■ Records provided:
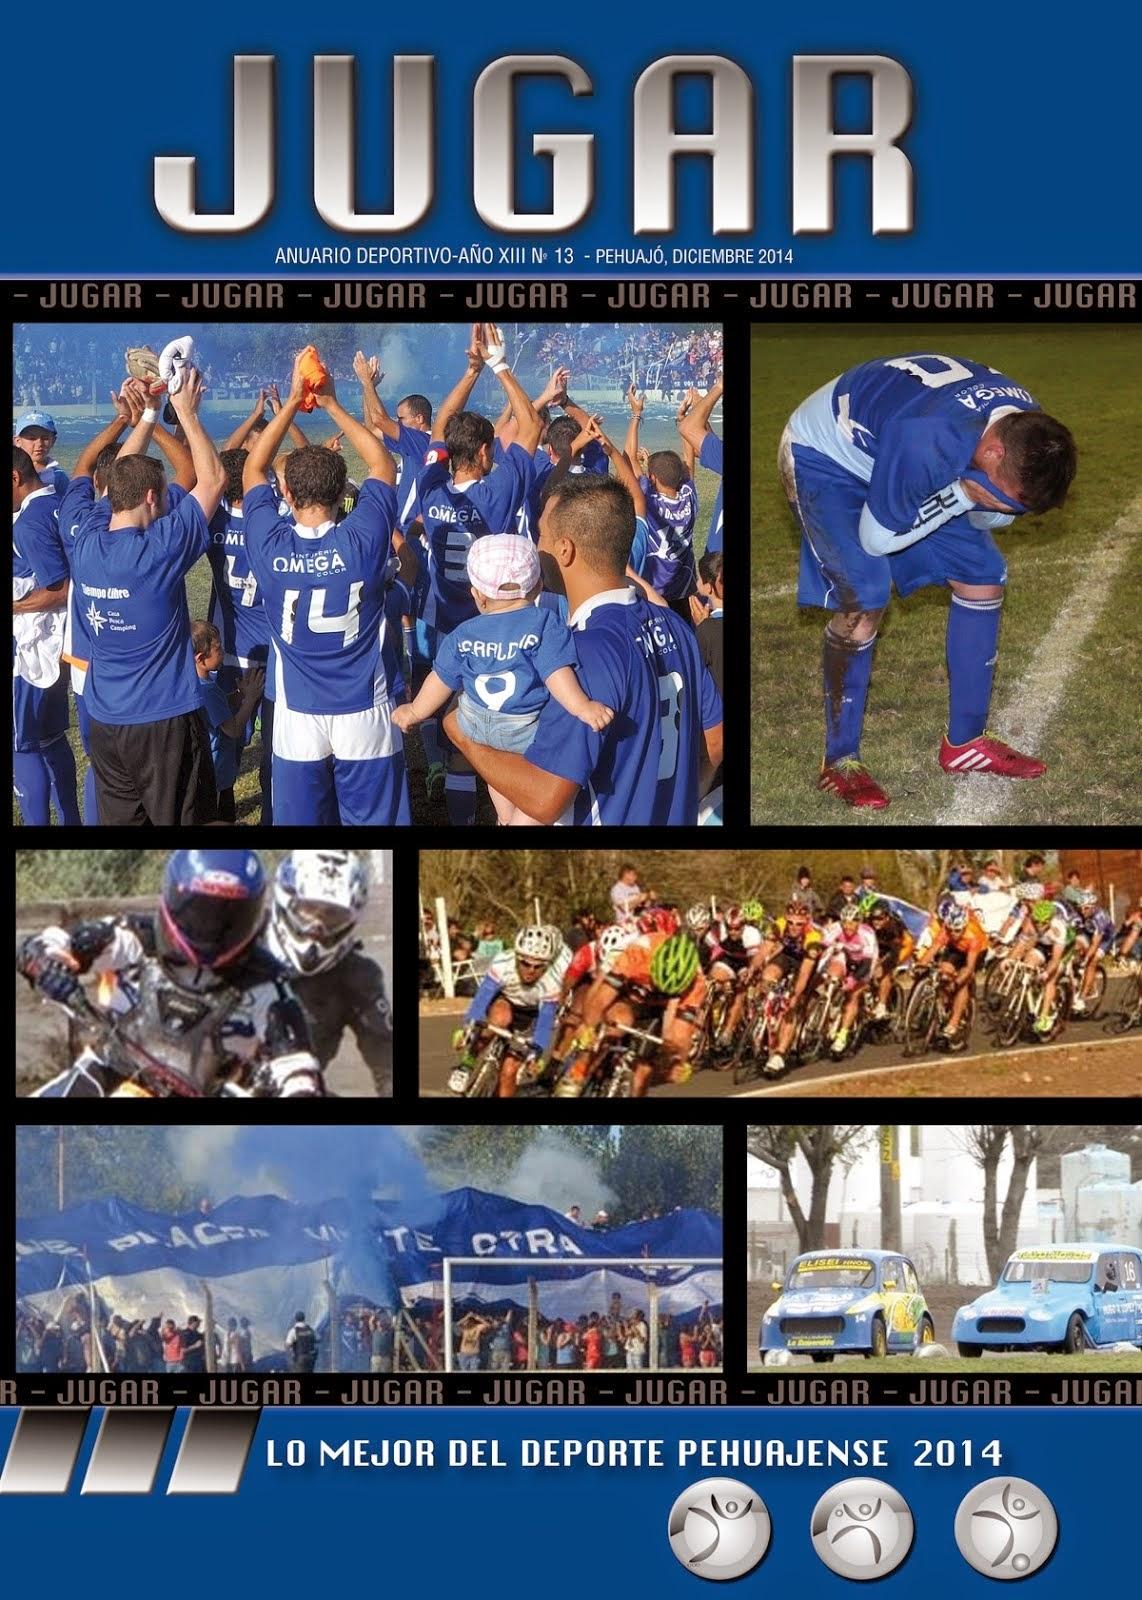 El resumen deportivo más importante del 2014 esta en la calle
--
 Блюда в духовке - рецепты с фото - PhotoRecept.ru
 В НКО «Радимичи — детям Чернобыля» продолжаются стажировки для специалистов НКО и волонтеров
==
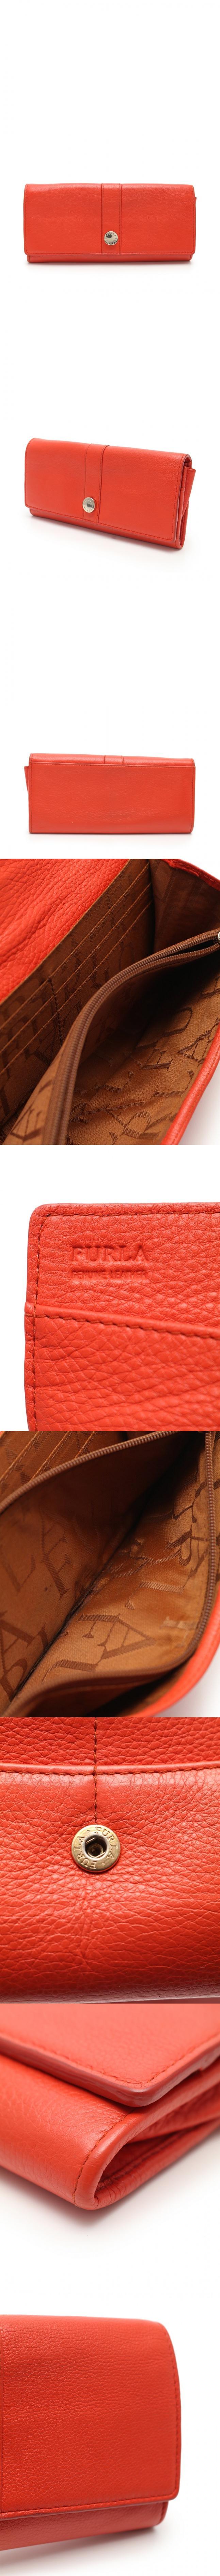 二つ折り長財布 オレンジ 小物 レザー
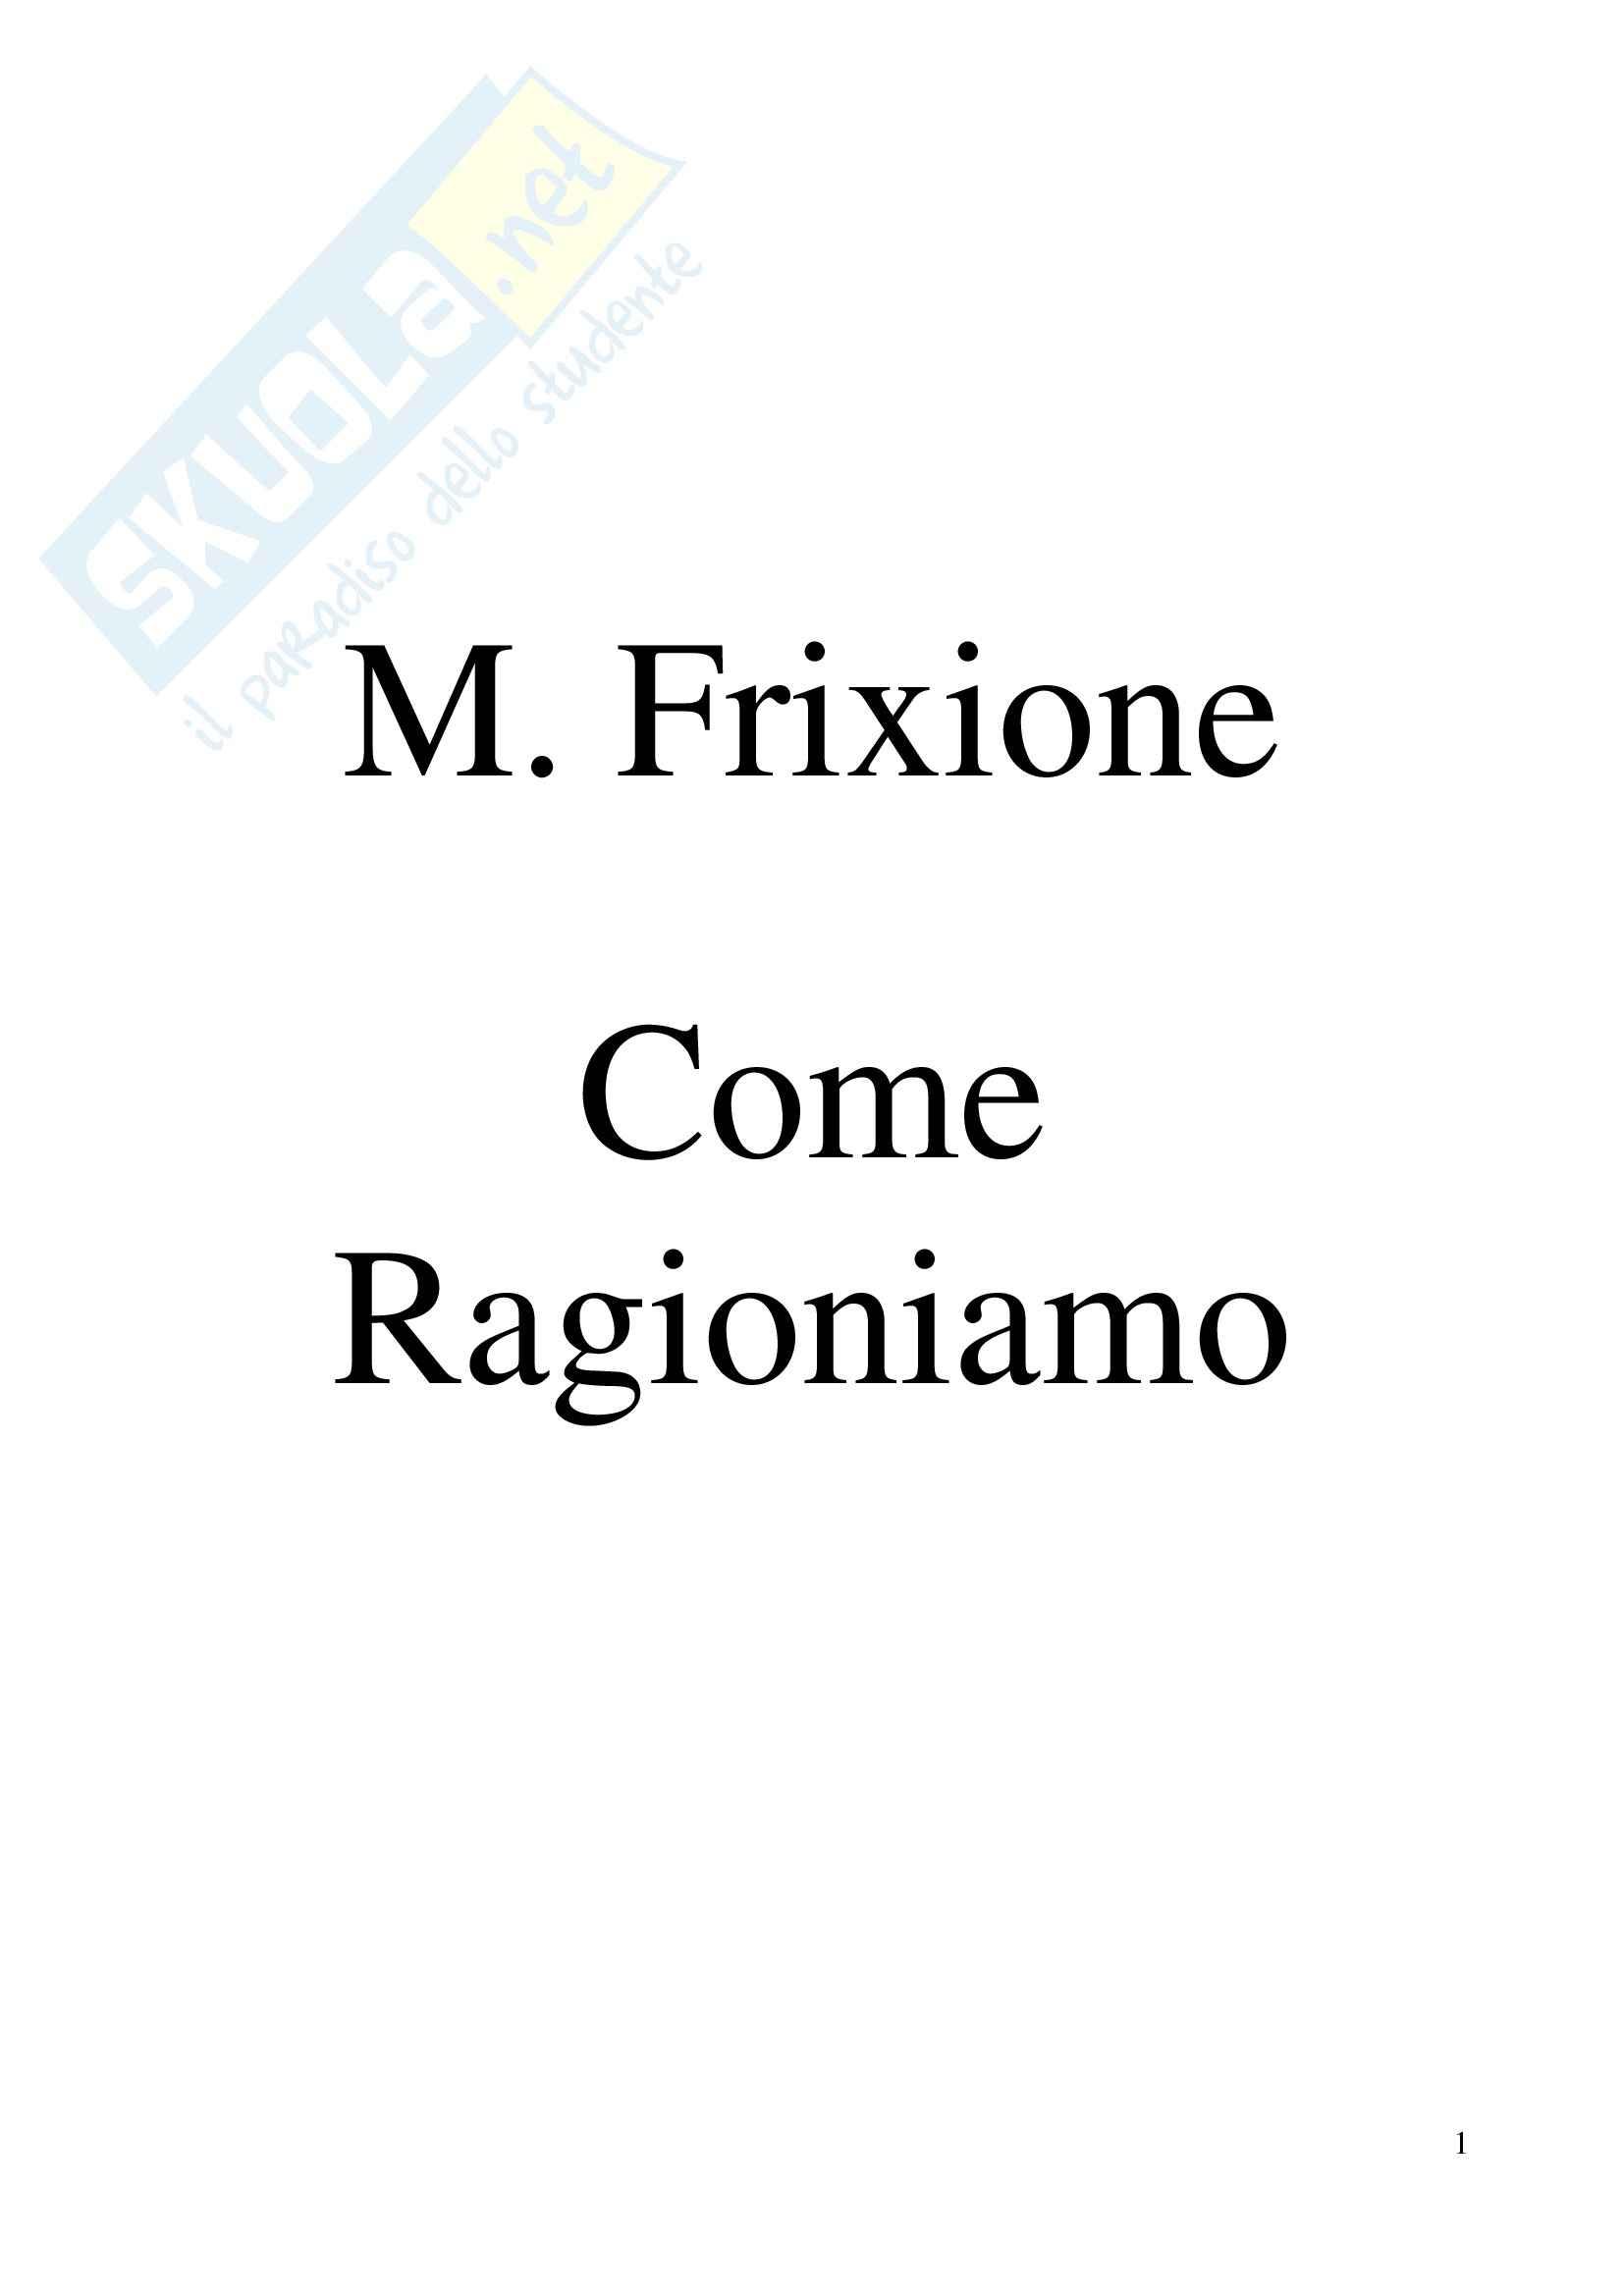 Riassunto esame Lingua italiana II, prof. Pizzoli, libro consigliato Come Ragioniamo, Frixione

■ Task goal: Restate word for word every line from the one with "二つ折り長財布 オレンジ 小物 レザー" up to and including the one with "Riassunto esame Lingua" in the records above, minus the pictures.

■ Answer to this problem:
 二つ折り長財布 オレンジ 小物 レザー
 Riassunto esame Lingua italiana II, prof. Pizzoli, libro consigliato Come Ragioniamo, Frixione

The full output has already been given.